Ouais, beaucoup de personnes sont en colère et veulent que leurs histoires soient racontées. Cela m'a plutôt surpris. Avant mon départ, on m'avait prévenu que les habitants ne voudraient pas parler, mais une fois arrivé dans les pires villages, les gens étaient furieux. Tout le monde connaît une personne malade dans son entourage.

Quelles sont les conséquences pour ceux qui osent en parler ?
Eh bien, soit on les intimide, soit on leur répond de manière évasive, ce qui est d'ailleurs caractéristique de la façon dont le gouvernement chinois gère le problème depuis ces 15 dernières années.

Avez-vous vu des exemples de personnes que l'on a fait taire ?
Je travaillais avec Wei Dongying, une femme qui a milité contre le déversement des eaux polluées dans son village pendant 17 ans. Elle a répertorié chaque cas de cancer, leurs emplacements respectifs ainsi que les lieux où les usines déversaient leurs déchets. Elle a également récolté des preuves photos et des échantillons d'eau bleus ou verts. Je suis donc allé la voir, mais je me suis perdu en chemin. Je me suis rendu dans une caserne de pompiers en pensant que quelqu'un pourrait m'aider. C'est ce que les pompiers ont fait dans un premier temps, jusqu'à ce que je mentionne le nom de cette femme. Ils ont alors appelé certains hauts fonctionnaires qui m'ont appris qu'elle était morte. Ils m'ont enfin conseillé de partir, et m'ont prévenu que si l'on m'apercevait en train d'essayer de la contacter, il y aurait des répercussions. Plus tard, j'ai trouvé sa maison. Je devais y être depuis cinq minutes quand des policiers sont arrivés pour me confisquer mon équipement.
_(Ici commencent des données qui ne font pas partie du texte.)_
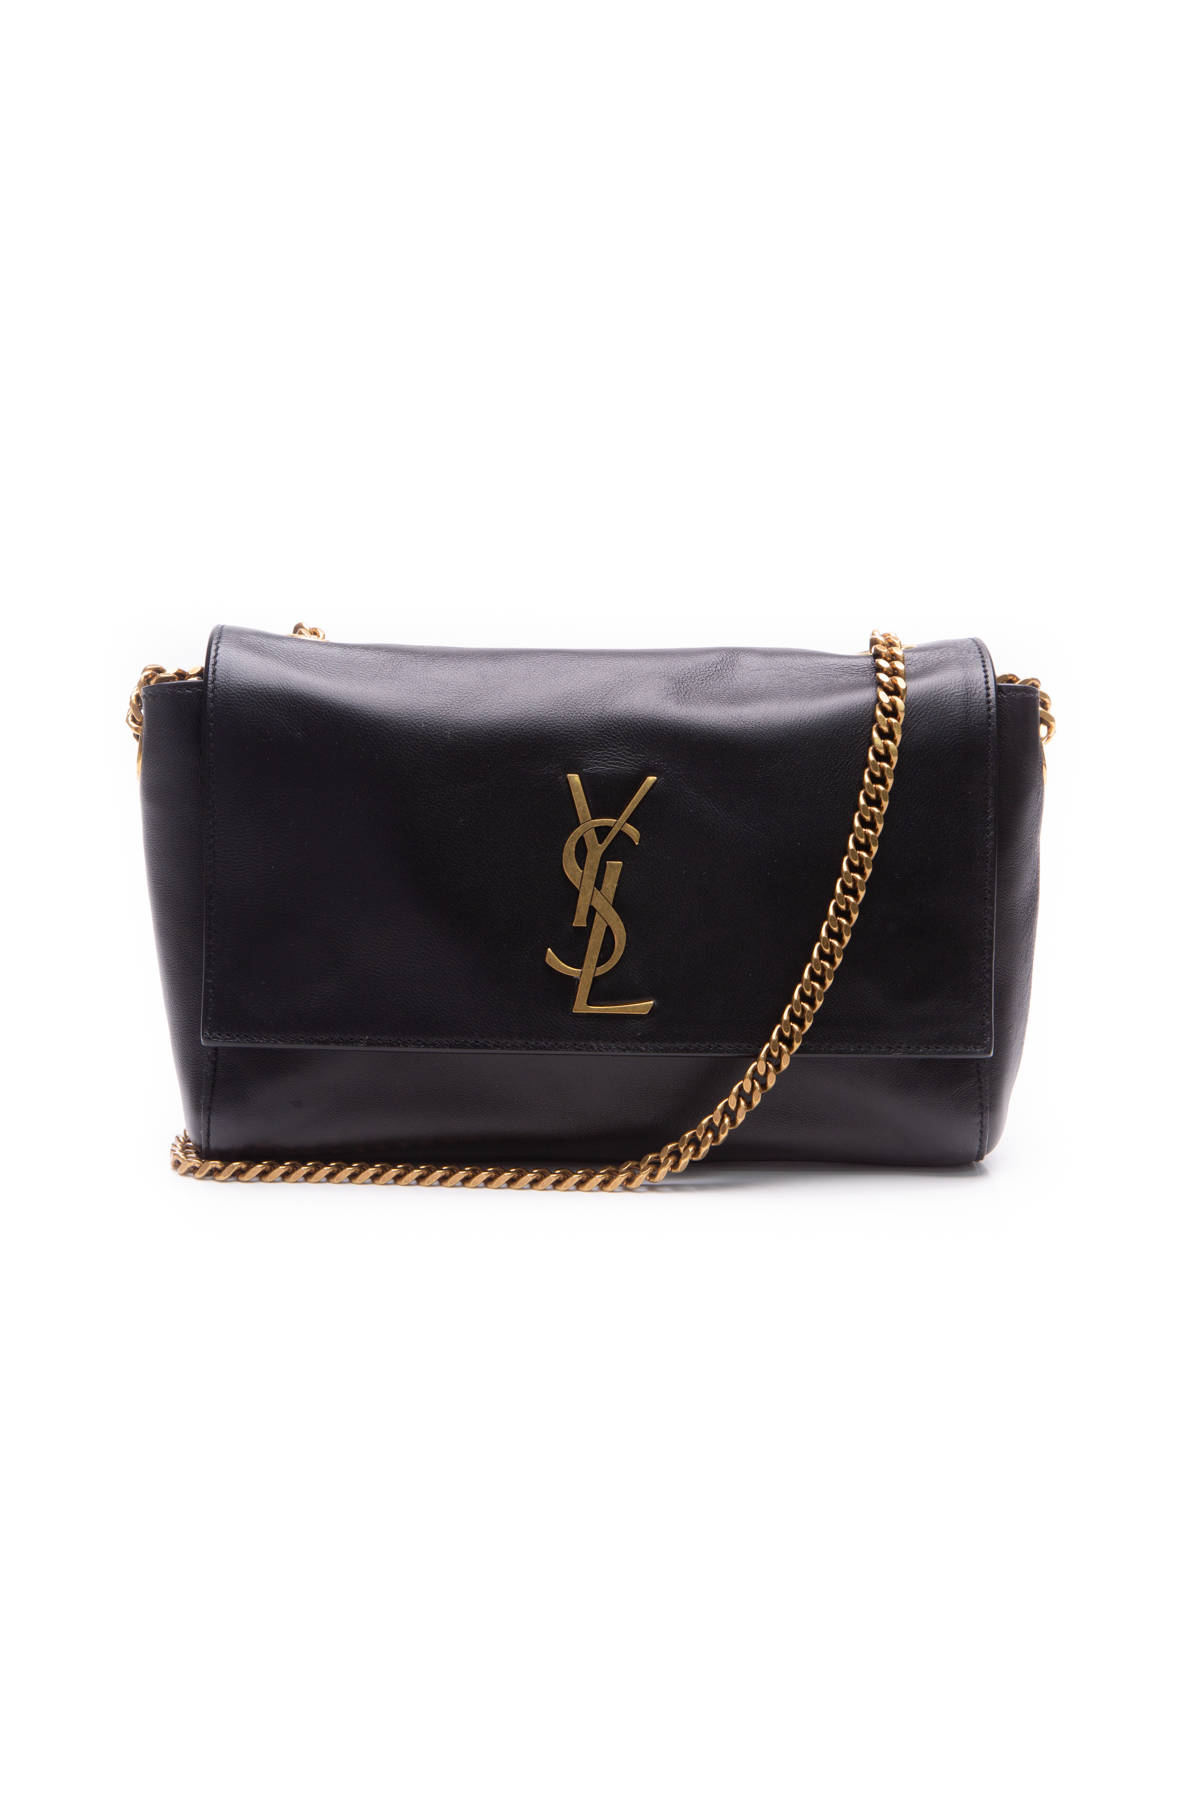 Louis Vuitton Lock Chain Bag  Black Louis Vuitton Monogram Puffer

Parlons un peu de vos photos. Ce que je trouve remarquable, c'est que votre travail est plus centré sur les personnes que sur les paysages pollués. Pourquoi cela ?
Je me suis concentré sur les personnes, car je pense que très peu de gens de mon âge sont sensibilisés aux problèmes de pollution. Je pense que c'est dû au fait que nous sommes en permanence bombardés d'images catastrophiques – de bébés portant des masques respiratoires, de smogs apocalyptiques, ce genre de trucs – qui nous distancient du problème. Quand je réfléchis à ce qui m'a motivé à aller là-bas, je pense que c'est en grande partie dû à l'expérience de mon ami. Je me sentais plus attiré par la manière dont les gens étaient traités. Pour moi, l'essentiel de l'histoire était là.

Comment les gens ont-ils réagi à ces photos ?
J'ai constaté que la première des réactions était la colère. C'est exactement ce que je voulais. À la vue de personnes confrontées à des sociétés qui les privent du droit fondamental de boire de l'eau potable, les gens devraient être en colère.

Et votre ami qui a perdu son frère, quelle a été sa réaction ?
Il m'a beaucoup encouragé. Il vit à Pékin en ce moment. Tout cela l'affecte profondément, mais il ne peut pas faire grand-chose. Il vient également de la partie aisée de la Chine, où les gens ont les moyens de se payer de belles maisons avec des purificateurs d'air.